The metal bucked the trend in other financial markets, with stocks in Europe sliding as deepening political turmoil in Portugal threatened to reignite the bloc's crisis. Three-month copper on the LME last traded at $6,993 a tonne, up from a close $6,915 on Tuesday. Earlier in the day it reached $6,999, its highest level since June 19. Copper lost more than 7 percent in June and prices are down more than 12 percent in the year to date.
"We had this long wave in which everyone was quite bearish about the outlook, panicking about China," Standard Chartered analyst Dan Smith said, adding that a recent visit to Hong Kong has reinforced his view that prices would rise by the year-end. "We've seen a decent bounce in copper in the last few days, in line with that view," he said. Smith sees copper at $7,000 plus before the end of the year, with Chinese base metals demand in reasonably good shape. Also, China's copper importers are being forced by bottlenecks in the LME warehousing system to queue for deliveries of metal they have already bought, resulting in spot copper import premiums rising by a third since mid-June.
However, growth in China's services sector expanded only modestly in June, in a sign that the economy is cooling. Helping gains was data showing US private employers stepped up hiring in June and new applications for unemployment benefits fell for a second straight week last week, pointing to improving labour market conditions. US non farm payrolls, due on Friday, is expected to be the main focus for markets this week, with economists polled by Reuters expecting payrolls to have risen by 165,000 in June.
"If the payroll number is stronger than the 165,000 expected, we could see a rather sharp selloff in a host of commodities, including metals, as the dollar will strengthen and boost expectations that the Fed will scale back its bond buying program, come September," said Ed Meir, analyst at INTL FCStone.
"However, we think the jobs number will come in either in-line or slightly lower than forecast, implying that the Fed may not start tapering immediately." In copper short selling, Macquarie said that over the past three weeks speculators' positioning had moved from net short 10,000 lots on June 11, to net short 32,000 lots on June 25.

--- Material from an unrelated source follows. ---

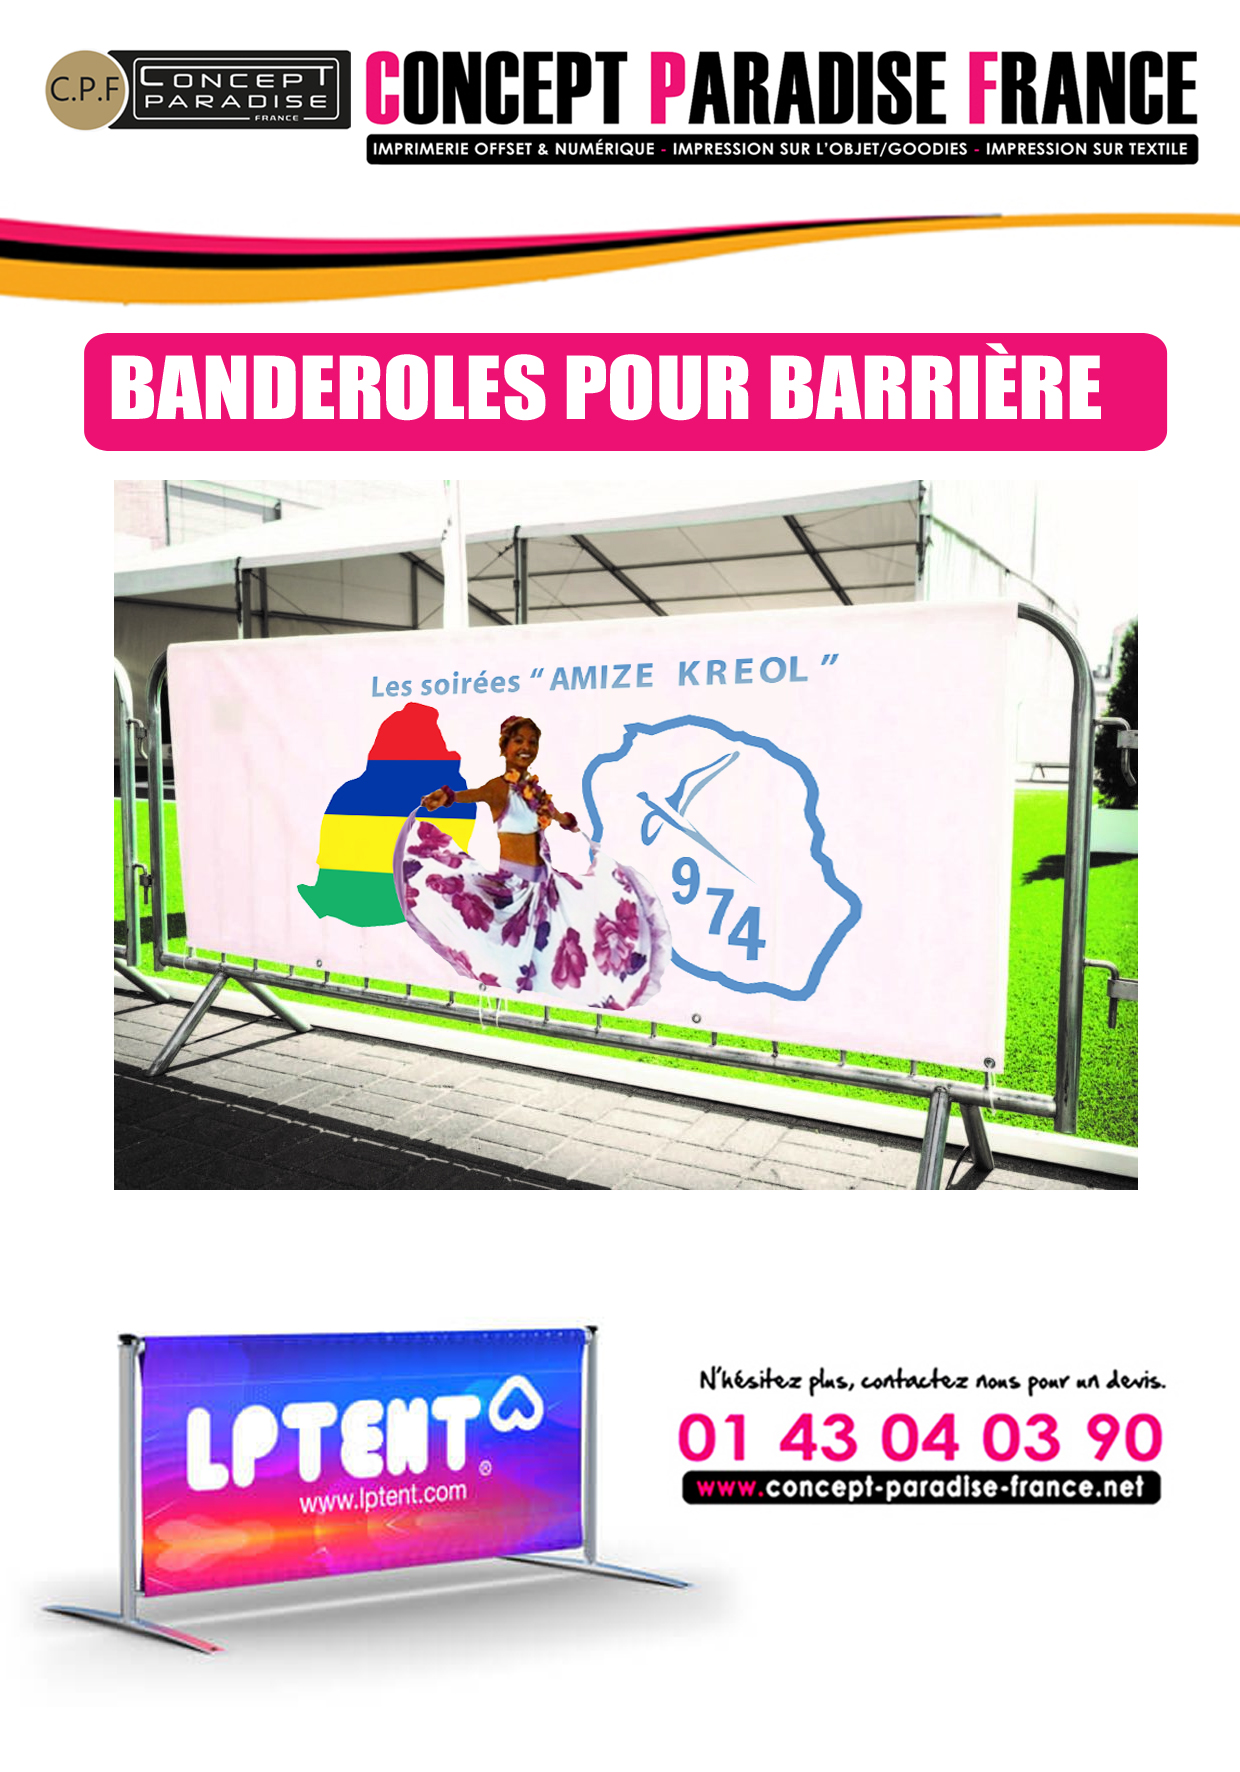 BANDEROLES POUR BARRIÈRE

"This has surpassed the previous record short position of 28,000 lots recorded during the depth of the global financial crisis in February 2009," Macquarie said in a research note. Aluminium was last bid down 1.42 percent at $1,806 a tonne, zinc last traded down 1.43 percent at $1,865 a tonne, and lead last traded down 0.07 percent at $1,865 a tonne. Tin last traded down 0.74 percent at $20,075 a tonne and nickel last traded down 1.32 percent at $13,855 a tonne.